Word for word, transcribe the data below from the line with "Boy wearing Ottawa Senators Pajama Set" to the line with "Dior Saddle Bag Mint Green Leather 3D model", keeping both of those lines.
________________________
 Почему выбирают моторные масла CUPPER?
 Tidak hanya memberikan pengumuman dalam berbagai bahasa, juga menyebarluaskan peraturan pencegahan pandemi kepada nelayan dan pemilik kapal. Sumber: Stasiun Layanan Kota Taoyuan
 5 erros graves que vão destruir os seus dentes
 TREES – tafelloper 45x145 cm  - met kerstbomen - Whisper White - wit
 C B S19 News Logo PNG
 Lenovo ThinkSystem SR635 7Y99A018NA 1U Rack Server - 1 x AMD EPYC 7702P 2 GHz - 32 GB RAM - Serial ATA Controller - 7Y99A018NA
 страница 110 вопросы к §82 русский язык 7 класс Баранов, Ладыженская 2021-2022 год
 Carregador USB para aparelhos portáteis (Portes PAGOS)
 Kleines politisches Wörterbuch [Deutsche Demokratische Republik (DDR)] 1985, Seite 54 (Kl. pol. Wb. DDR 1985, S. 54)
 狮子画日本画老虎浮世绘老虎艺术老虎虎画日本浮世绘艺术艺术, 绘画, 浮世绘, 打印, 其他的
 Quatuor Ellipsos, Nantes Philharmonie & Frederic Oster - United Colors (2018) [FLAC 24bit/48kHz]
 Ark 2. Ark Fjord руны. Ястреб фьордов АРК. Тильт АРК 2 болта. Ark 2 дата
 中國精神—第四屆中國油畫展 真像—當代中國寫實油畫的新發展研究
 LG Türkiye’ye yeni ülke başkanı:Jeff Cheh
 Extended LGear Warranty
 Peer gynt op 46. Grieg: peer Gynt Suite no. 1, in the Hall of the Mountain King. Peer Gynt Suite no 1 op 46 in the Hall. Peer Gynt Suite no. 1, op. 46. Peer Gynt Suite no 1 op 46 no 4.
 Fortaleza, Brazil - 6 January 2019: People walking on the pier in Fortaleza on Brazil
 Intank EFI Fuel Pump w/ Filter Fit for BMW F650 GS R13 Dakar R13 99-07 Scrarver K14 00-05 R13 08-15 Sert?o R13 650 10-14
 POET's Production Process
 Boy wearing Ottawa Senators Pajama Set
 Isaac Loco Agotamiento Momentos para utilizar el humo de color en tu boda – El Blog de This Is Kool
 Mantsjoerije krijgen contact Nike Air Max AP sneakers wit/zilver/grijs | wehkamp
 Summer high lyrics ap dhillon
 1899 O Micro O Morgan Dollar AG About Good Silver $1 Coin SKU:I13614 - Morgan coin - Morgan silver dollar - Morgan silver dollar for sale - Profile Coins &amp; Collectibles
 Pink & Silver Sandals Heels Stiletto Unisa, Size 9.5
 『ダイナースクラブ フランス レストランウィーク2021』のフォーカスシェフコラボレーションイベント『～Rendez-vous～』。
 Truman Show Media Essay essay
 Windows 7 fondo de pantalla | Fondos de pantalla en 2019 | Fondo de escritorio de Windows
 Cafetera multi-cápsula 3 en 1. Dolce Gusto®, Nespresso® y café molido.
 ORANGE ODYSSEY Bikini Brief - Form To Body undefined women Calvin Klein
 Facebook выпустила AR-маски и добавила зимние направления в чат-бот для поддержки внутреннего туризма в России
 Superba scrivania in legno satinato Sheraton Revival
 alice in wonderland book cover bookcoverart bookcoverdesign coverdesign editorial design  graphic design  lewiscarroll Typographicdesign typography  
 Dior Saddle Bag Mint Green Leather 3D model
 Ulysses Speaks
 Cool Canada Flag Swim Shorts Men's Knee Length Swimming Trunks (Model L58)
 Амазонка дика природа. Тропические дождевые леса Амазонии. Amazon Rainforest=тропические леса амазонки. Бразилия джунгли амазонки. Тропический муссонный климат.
________________________
§ Output below:
 Boy wearing Ottawa Senators Pajama Set
 Isaac Loco Agotamiento Momentos para utilizar el humo de color en tu boda – El Blog de This Is Kool
 Mantsjoerije krijgen contact Nike Air Max AP sneakers wit/zilver/grijs | wehkamp
 Summer high lyrics ap dhillon
 1899 O Micro O Morgan Dollar AG About Good Silver $1 Coin SKU:I13614 - Morgan coin - Morgan silver dollar - Morgan silver dollar for sale - Profile Coins &amp; Collectibles
 Pink & Silver Sandals Heels Stiletto Unisa, Size 9.5
 『ダイナースクラブ フランス レストランウィーク2021』のフォーカスシェフコラボレーションイベント『～Rendez-vous～』。
 Truman Show Media Essay essay
 Windows 7 fondo de pantalla | Fondos de pantalla en 2019 | Fondo de escritorio de Windows
 Cafetera multi-cápsula 3 en 1. Dolce Gusto®, Nespresso® y café molido.
 ORANGE ODYSSEY Bikini Brief - Form To Body undefined women Calvin Klein
 Facebook выпустила AR-маски и добавила зимние направления в чат-бот для поддержки внутреннего туризма в России
 Superba scrivania in legno satinato Sheraton Revival
 alice in wonderland book cover bookcoverart bookcoverdesign coverdesign editorial design  graphic design  lewiscarroll Typographicdesign typography  
 Dior Saddle Bag Mint Green Leather 3D model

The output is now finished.